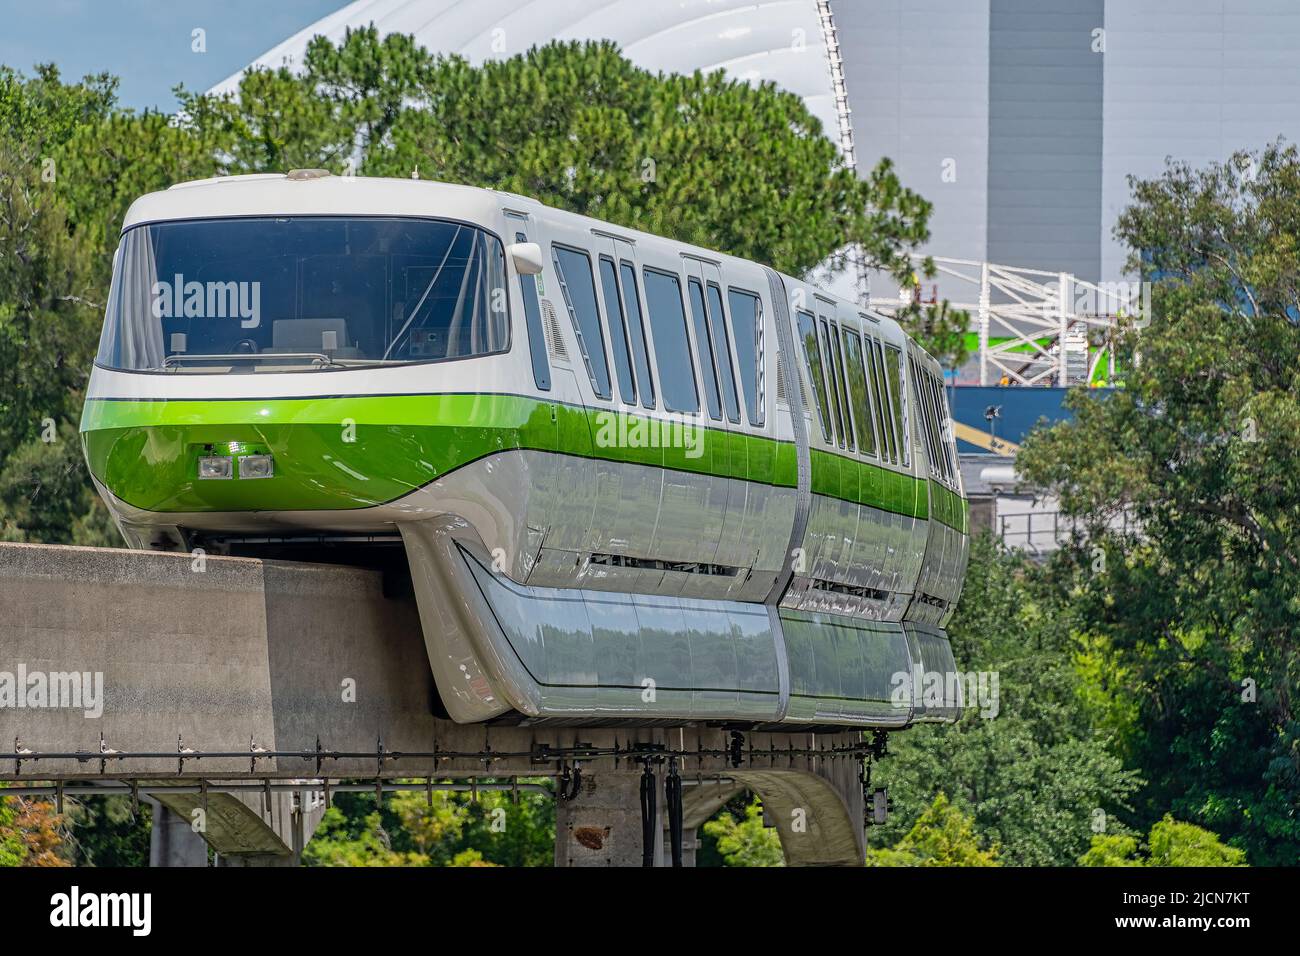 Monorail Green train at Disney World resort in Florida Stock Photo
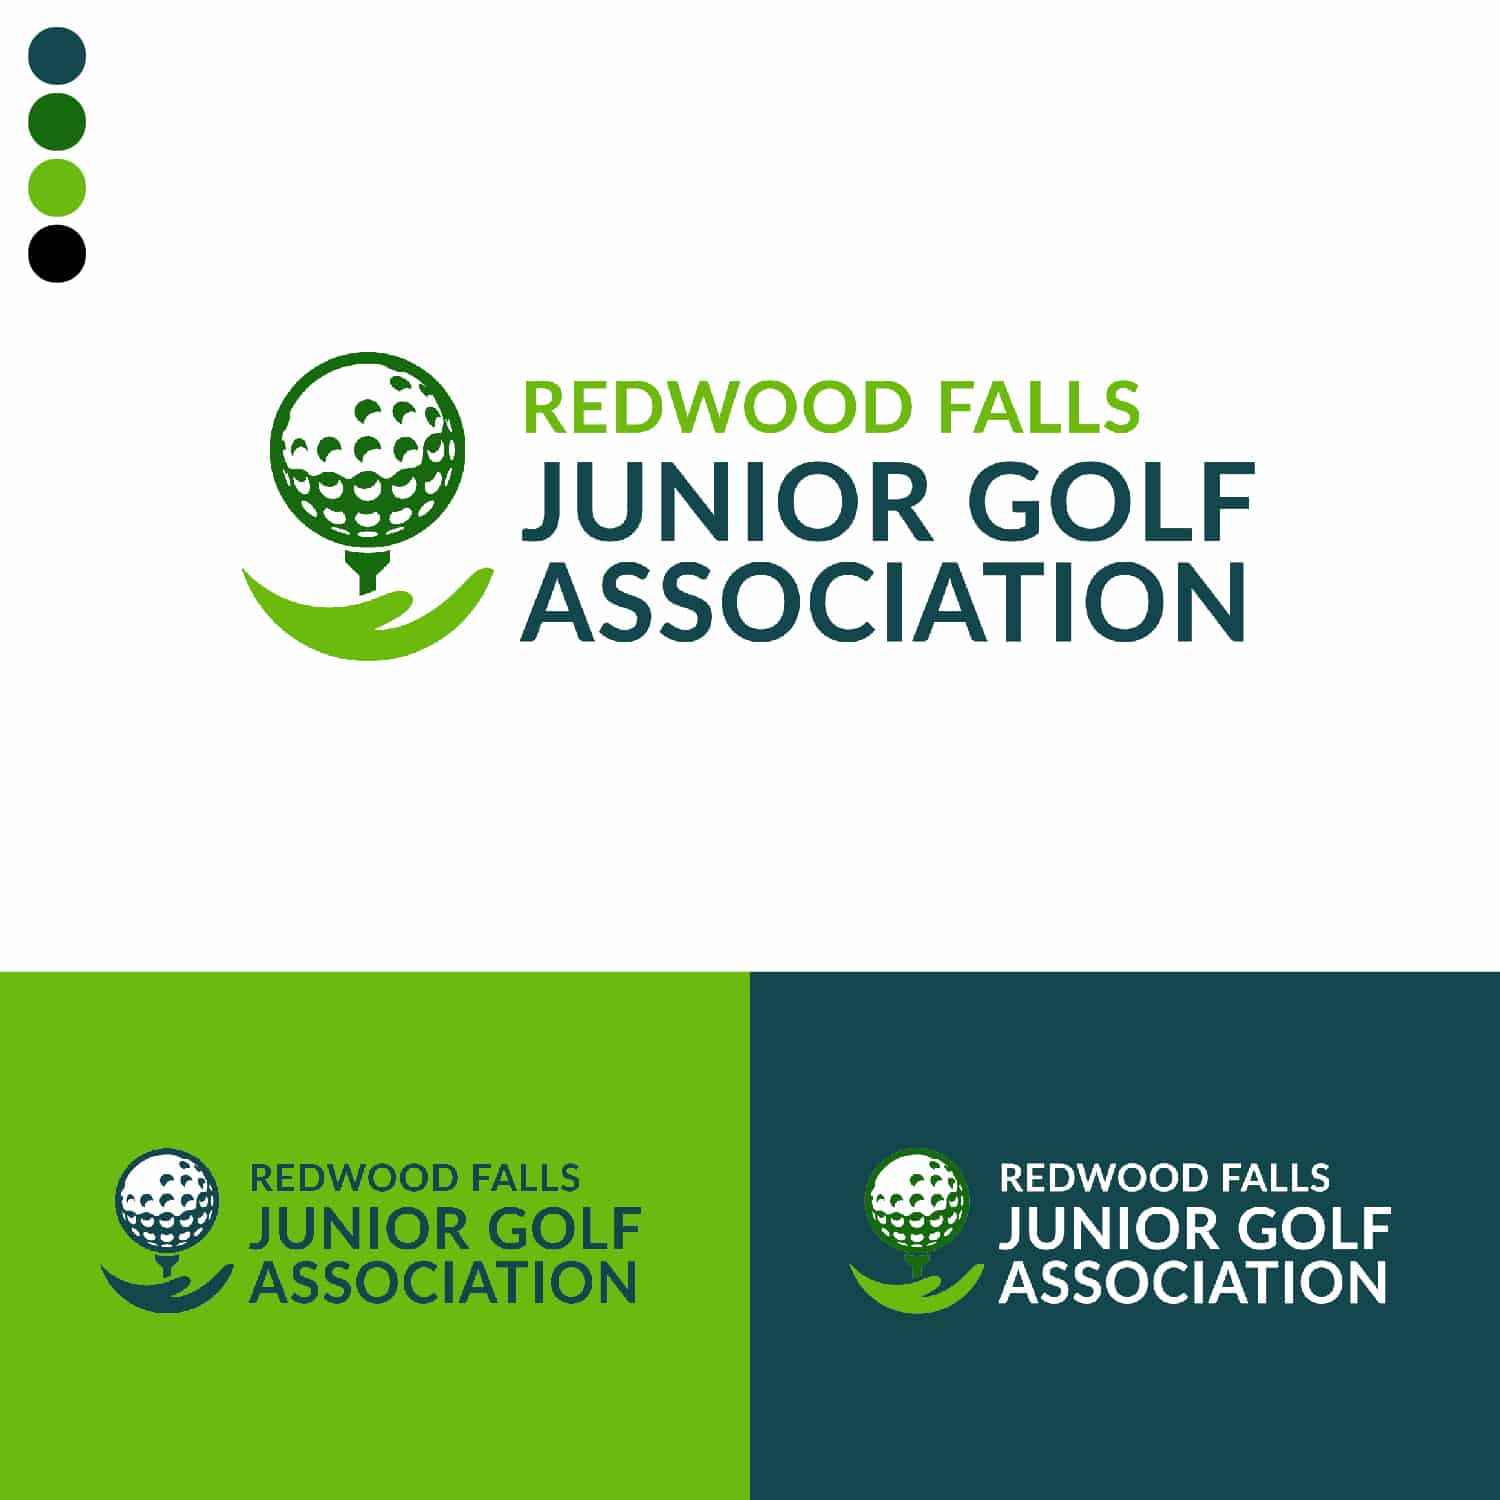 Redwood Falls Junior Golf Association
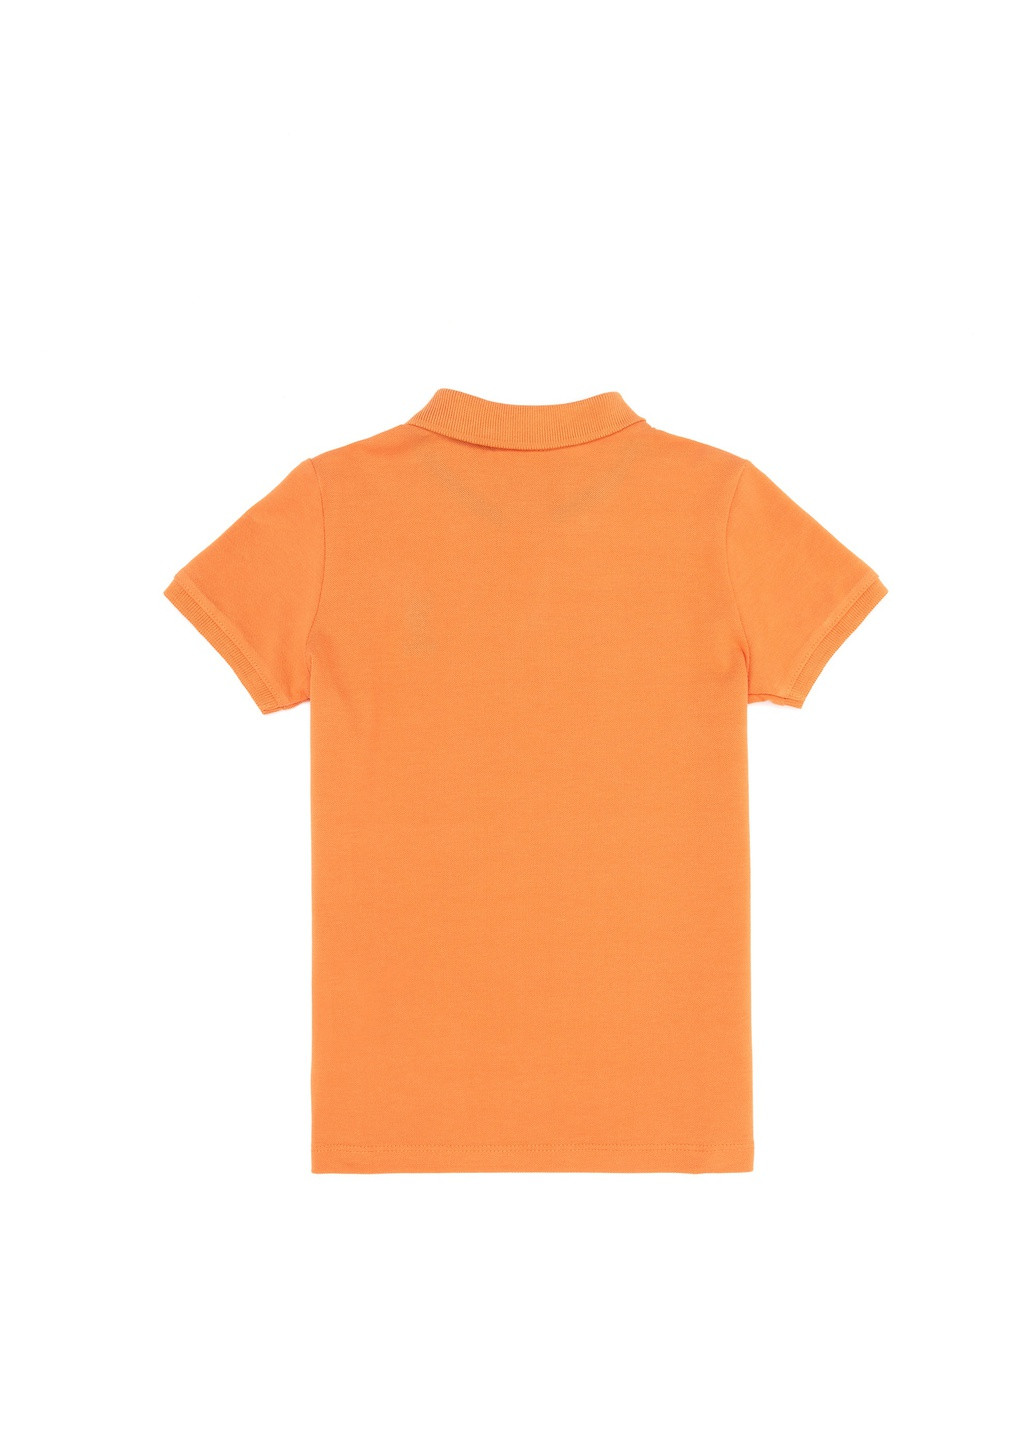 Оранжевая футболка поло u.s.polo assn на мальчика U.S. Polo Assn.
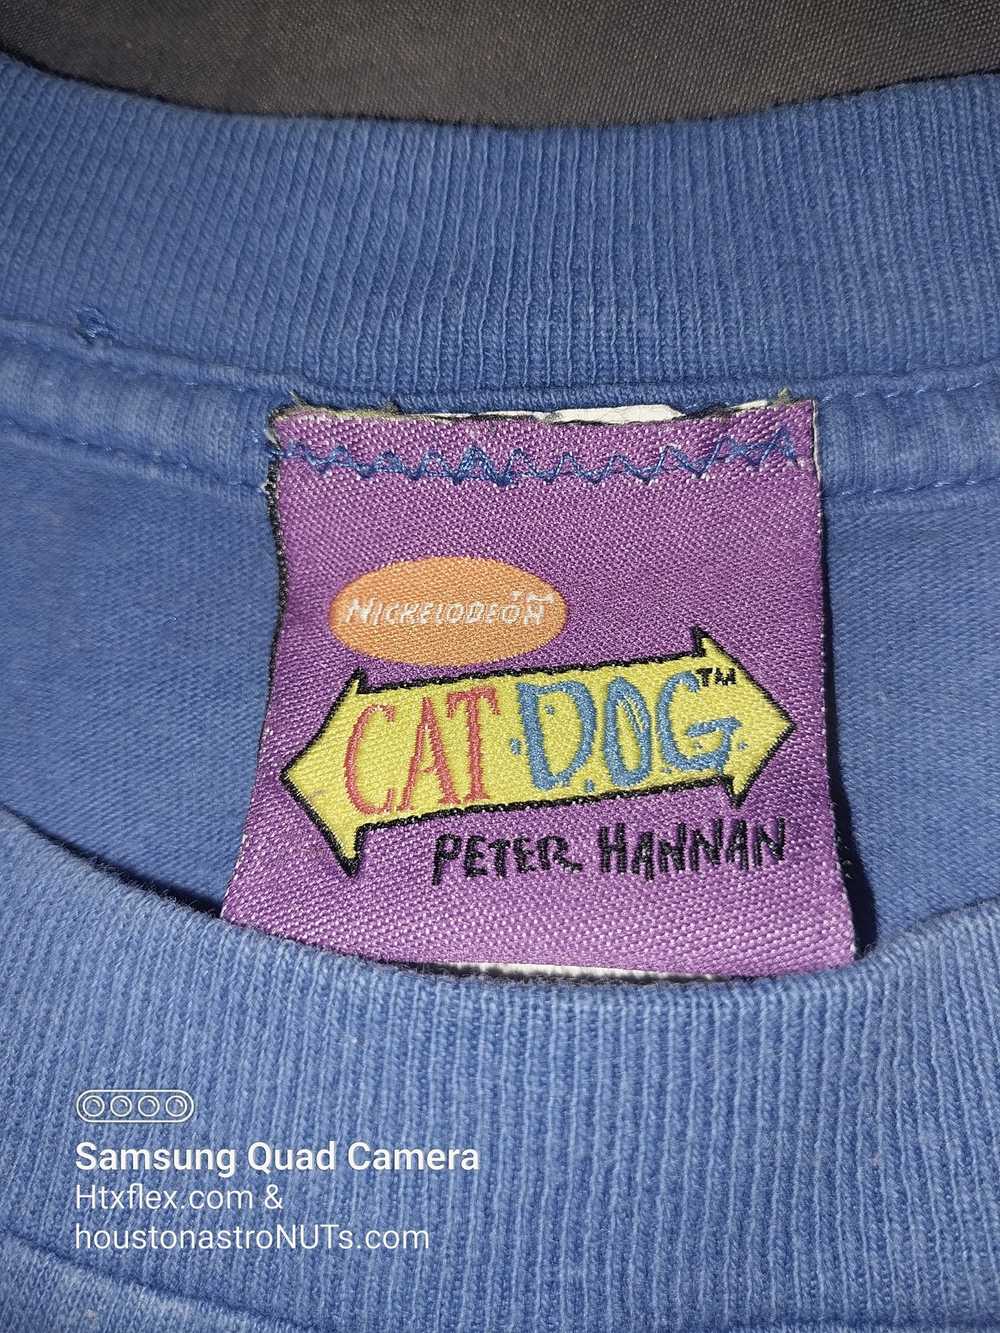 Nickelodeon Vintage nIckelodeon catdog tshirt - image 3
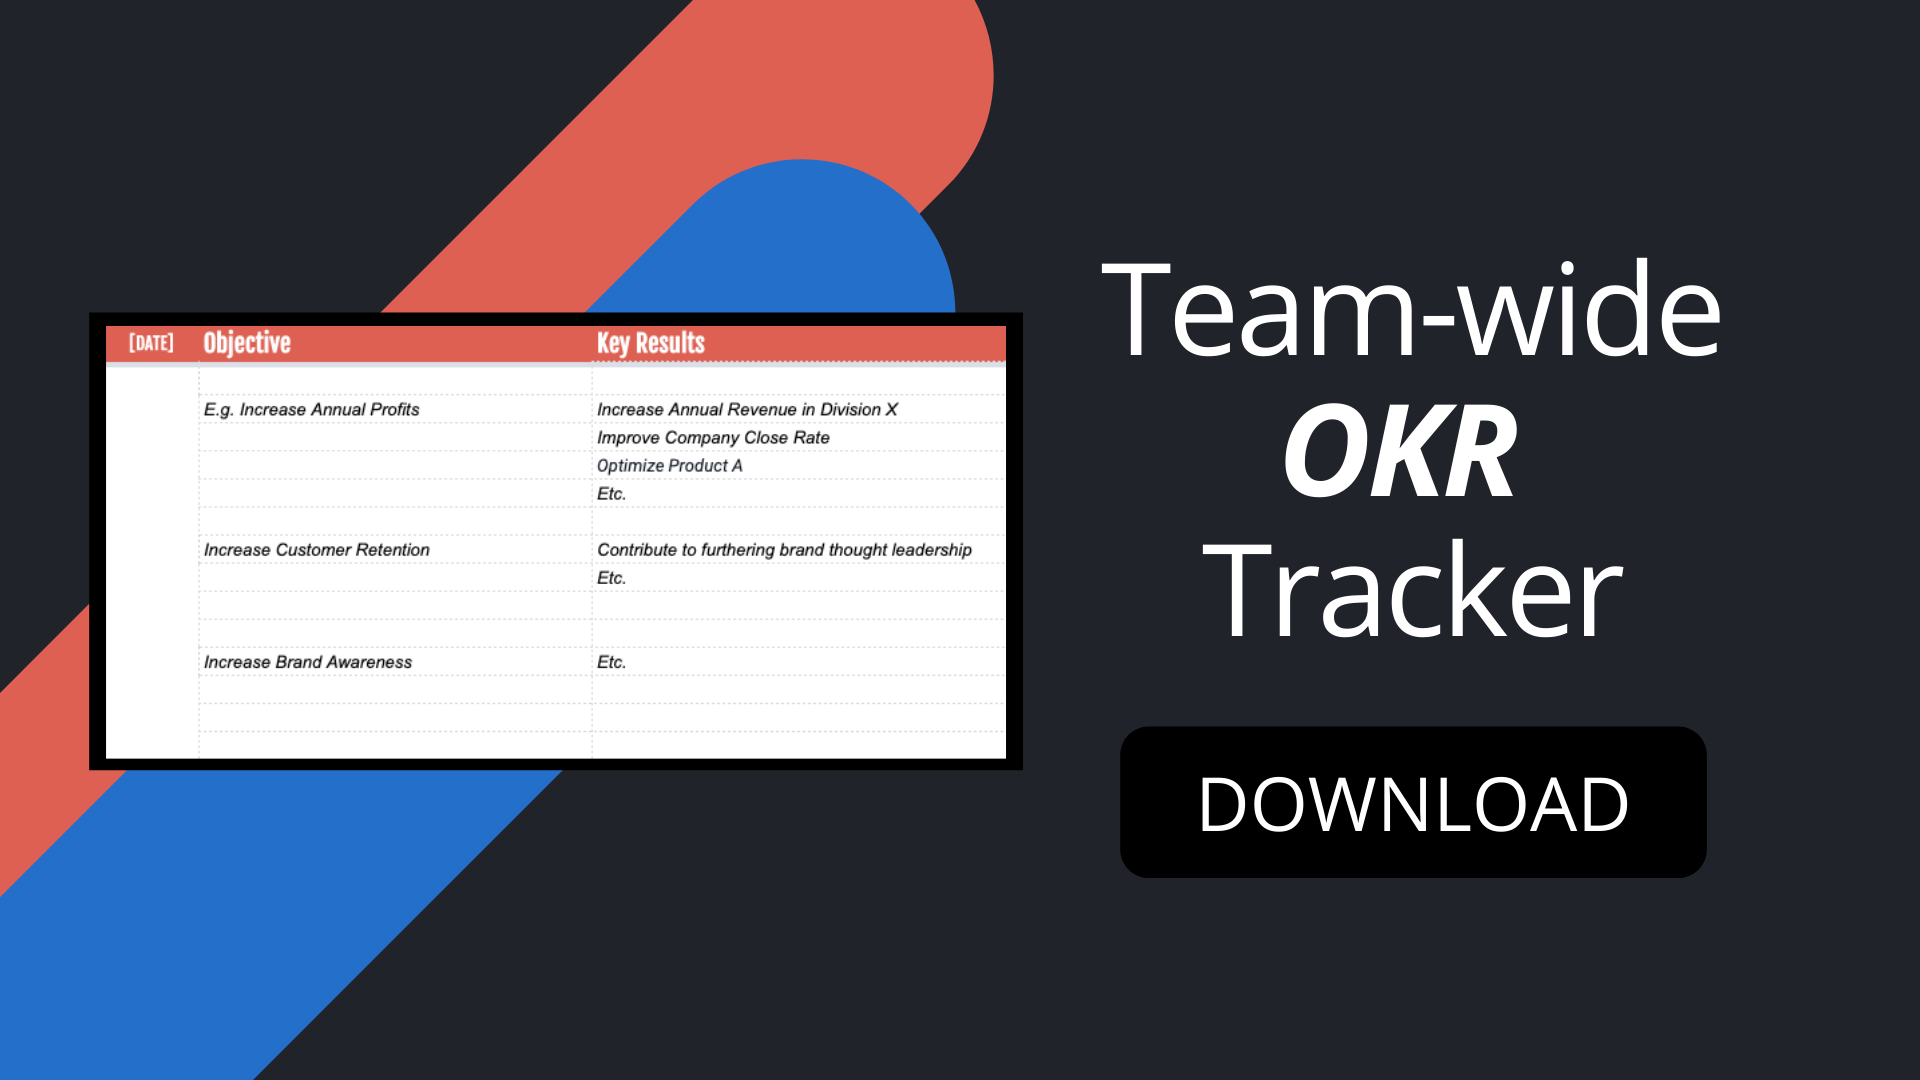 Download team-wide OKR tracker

######

Nothing but the records above, retyped exactly and stripped of images, should appear in the answer.

Answer to the problem:
 Monorail Green train at Disney World resort in Florida Stock Photo
 Redwood Falls Junior Golf Association
 Оранжевая футболка поло u.s.polo assn на мальчика U.S. Polo Assn.
 Nickelodeon Vintage nIckelodeon catdog tshirt - image 3
 Download team-wide OKR tracker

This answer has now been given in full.